For example, when my family and I returned from vacation a few weeks ago, my son completed a school assignment in a way entirely alien to approaches my wife and I grew up with – an approach that could foretell the future of work and creativity and AI.
Strategic parenting in the days of generative AI
We had pulled our kids out of school a week early for a three-week trip to Qatar for the World Cup and then to Bangladesh to visit their grandmother. Back home, with a few days until classes began again, my 7th grade son, Makar, was working through a list of make-up assignments, including five poems he needed to write for his English class. When he showed “his work” to my wife and me, it was clear that the words were not his. He admitted to having used ChatGPT to rush through the assignment.
If the news of the past few weeks hasn’t caught up to you, ChatGPT is an artificial intelligence model developed by the company OpenAI that answers questions in a conversational manner. It can learn, provide detailed responses, and answer just about any academic question in a well-organized way.
Of course, as parents, our first reaction was to object. My wife and I value learning above just about anything else.
“What would your grandfather say?!” I asked him in disbelief at the thought of my late father, a University of Pennsylvania tenured professor of communication, reading the AI-generated poetry.

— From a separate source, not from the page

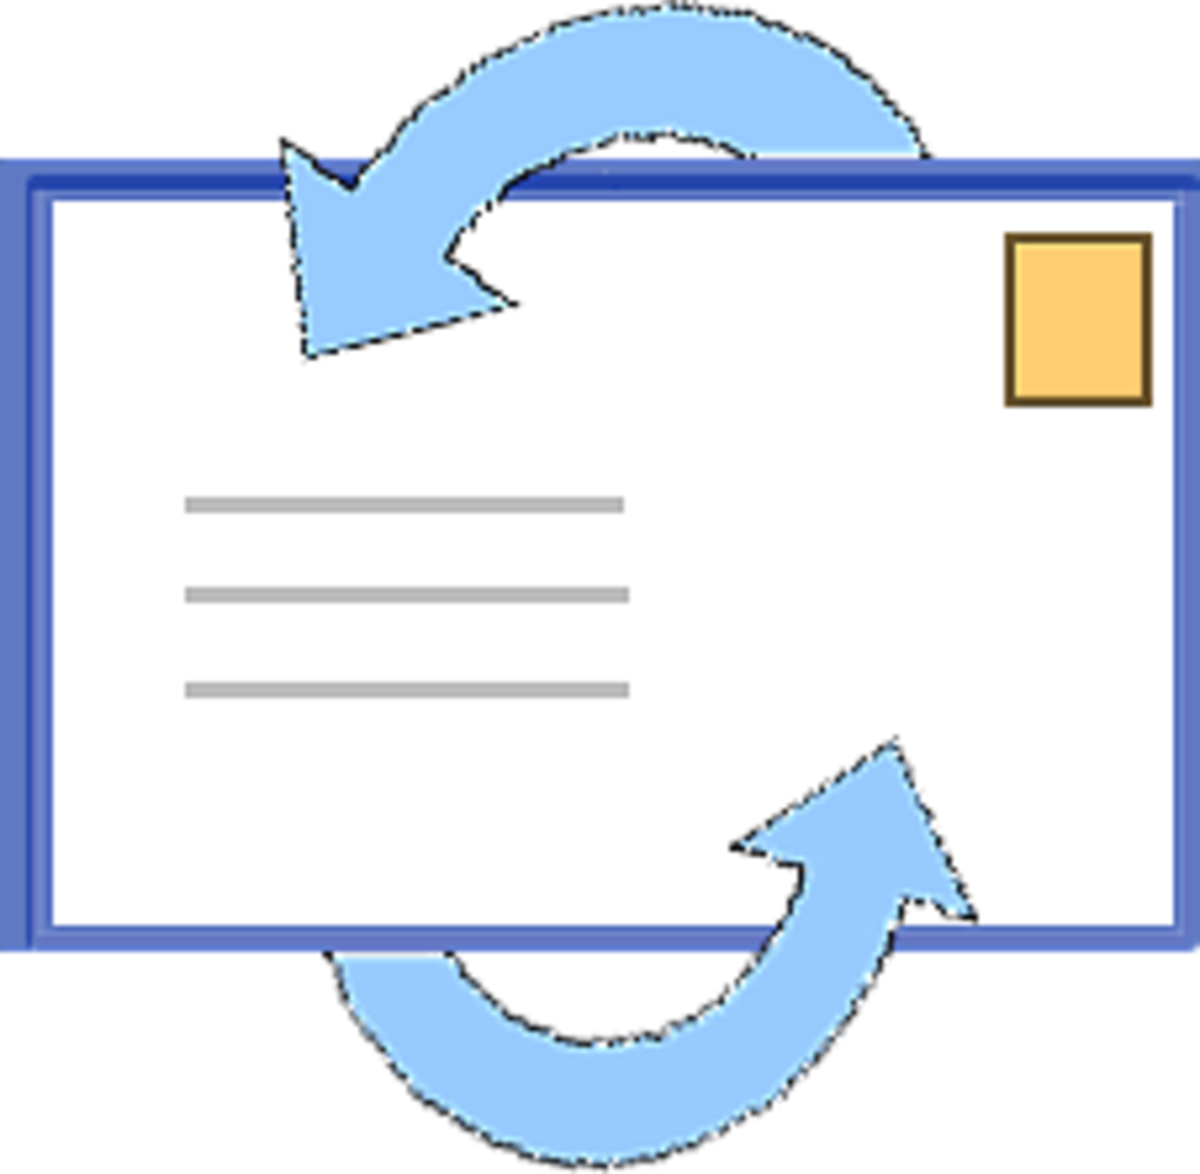 Outlook Express, an email program

Proximity technologies alter our everyday lives
As artificial intelligence arrives to the mainstream, educators and parents will be forced to reckon with new tools available to our children. The technologies are part of a bigger strategic trend impacting our lifestyles and industries – a trend that Rob Wolcott, co-founder of The World Innovation Network (TWIN) and my co-author for an upcoming book, calls proximity.
Companies are using digital technologies to push the production and provision of products and services ever closer to the moment they are demanded in time and space. In the realm of access to information and knowledge, that looks like ChatGPT (or competitors like Google's Bard and Baidu's Ernie Bot.)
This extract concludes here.